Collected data
[Start of section]

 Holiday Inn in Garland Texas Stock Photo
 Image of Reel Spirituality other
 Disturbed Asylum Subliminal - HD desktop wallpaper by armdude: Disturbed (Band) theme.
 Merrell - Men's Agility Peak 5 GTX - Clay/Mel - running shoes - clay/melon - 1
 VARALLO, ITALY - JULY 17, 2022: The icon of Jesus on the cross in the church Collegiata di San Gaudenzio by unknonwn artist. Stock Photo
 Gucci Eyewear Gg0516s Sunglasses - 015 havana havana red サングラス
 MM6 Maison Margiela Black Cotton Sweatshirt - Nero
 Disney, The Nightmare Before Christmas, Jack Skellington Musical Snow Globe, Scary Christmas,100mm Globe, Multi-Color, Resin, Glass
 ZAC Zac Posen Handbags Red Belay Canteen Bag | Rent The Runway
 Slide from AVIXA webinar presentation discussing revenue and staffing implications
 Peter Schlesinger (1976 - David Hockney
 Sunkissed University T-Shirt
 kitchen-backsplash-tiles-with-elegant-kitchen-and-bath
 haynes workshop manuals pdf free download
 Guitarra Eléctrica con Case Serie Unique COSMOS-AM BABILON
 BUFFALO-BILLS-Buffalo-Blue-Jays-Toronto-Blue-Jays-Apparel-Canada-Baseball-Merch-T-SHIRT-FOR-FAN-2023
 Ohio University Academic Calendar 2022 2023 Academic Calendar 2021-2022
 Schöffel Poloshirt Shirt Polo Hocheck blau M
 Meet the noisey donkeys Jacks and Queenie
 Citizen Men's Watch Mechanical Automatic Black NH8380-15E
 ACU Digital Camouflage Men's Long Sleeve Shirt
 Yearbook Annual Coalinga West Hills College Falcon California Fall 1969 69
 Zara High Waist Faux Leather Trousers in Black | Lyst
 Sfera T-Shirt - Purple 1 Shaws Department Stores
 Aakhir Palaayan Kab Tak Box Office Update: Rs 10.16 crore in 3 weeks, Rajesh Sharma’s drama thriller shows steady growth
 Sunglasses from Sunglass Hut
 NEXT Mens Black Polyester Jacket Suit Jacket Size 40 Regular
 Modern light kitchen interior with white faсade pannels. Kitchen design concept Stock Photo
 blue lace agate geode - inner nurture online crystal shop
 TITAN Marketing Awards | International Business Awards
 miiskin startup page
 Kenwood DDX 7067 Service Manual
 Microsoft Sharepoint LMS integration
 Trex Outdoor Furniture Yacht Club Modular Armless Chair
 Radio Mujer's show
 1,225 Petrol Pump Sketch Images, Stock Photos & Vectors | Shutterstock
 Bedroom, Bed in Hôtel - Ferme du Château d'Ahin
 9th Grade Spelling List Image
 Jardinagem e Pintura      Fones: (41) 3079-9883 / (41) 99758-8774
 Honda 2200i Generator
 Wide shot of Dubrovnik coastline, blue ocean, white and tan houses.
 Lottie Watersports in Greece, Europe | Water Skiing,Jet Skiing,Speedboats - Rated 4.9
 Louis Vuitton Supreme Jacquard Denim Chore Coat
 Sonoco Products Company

[End of section]

- The problem -
Set down each entry above again exactly as it reads.

- Reply to the task -
 Holiday Inn in Garland Texas Stock Photo
 Image of Reel Spirituality other
 Disturbed Asylum Subliminal - HD desktop wallpaper by armdude: Disturbed (Band) theme.
 Merrell - Men's Agility Peak 5 GTX - Clay/Mel - running shoes - clay/melon - 1
 VARALLO, ITALY - JULY 17, 2022: The icon of Jesus on the cross in the church Collegiata di San Gaudenzio by unknonwn artist. Stock Photo
 Gucci Eyewear Gg0516s Sunglasses - 015 havana havana red サングラス
 MM6 Maison Margiela Black Cotton Sweatshirt - Nero
 Disney, The Nightmare Before Christmas, Jack Skellington Musical Snow Globe, Scary Christmas,100mm Globe, Multi-Color, Resin, Glass
 ZAC Zac Posen Handbags Red Belay Canteen Bag | Rent The Runway
 Slide from AVIXA webinar presentation discussing revenue and staffing implications
 Peter Schlesinger (1976 - David Hockney
 Sunkissed University T-Shirt
 kitchen-backsplash-tiles-with-elegant-kitchen-and-bath
 haynes workshop manuals pdf free download
 Guitarra Eléctrica con Case Serie Unique COSMOS-AM BABILON
 BUFFALO-BILLS-Buffalo-Blue-Jays-Toronto-Blue-Jays-Apparel-Canada-Baseball-Merch-T-SHIRT-FOR-FAN-2023
 Ohio University Academic Calendar 2022 2023 Academic Calendar 2021-2022
 Schöffel Poloshirt Shirt Polo Hocheck blau M
 Meet the noisey donkeys Jacks and Queenie
 Citizen Men's Watch Mechanical Automatic Black NH8380-15E
 ACU Digital Camouflage Men's Long Sleeve Shirt
 Yearbook Annual Coalinga West Hills College Falcon California Fall 1969 69
 Zara High Waist Faux Leather Trousers in Black | Lyst
 Sfera T-Shirt - Purple 1 Shaws Department Stores
 Aakhir Palaayan Kab Tak Box Office Update: Rs 10.16 crore in 3 weeks, Rajesh Sharma’s drama thriller shows steady growth
 Sunglasses from Sunglass Hut
 NEXT Mens Black Polyester Jacket Suit Jacket Size 40 Regular
 Modern light kitchen interior with white faсade pannels. Kitchen design concept Stock Photo
 blue lace agate geode - inner nurture online crystal shop
 TITAN Marketing Awards | International Business Awards
 miiskin startup page
 Kenwood DDX 7067 Service Manual
 Microsoft Sharepoint LMS integration
 Trex Outdoor Furniture Yacht Club Modular Armless Chair
 Radio Mujer's show
 1,225 Petrol Pump Sketch Images, Stock Photos & Vectors | Shutterstock
 Bedroom, Bed in Hôtel - Ferme du Château d'Ahin
 9th Grade Spelling List Image
 Jardinagem e Pintura      Fones: (41) 3079-9883 / (41) 99758-8774
 Honda 2200i Generator
 Wide shot of Dubrovnik coastline, blue ocean, white and tan houses.
 Lottie Watersports in Greece, Europe | Water Skiing,Jet Skiing,Speedboats - Rated 4.9
 Louis Vuitton Supreme Jacquard Denim Chore Coat
 Sonoco Products Company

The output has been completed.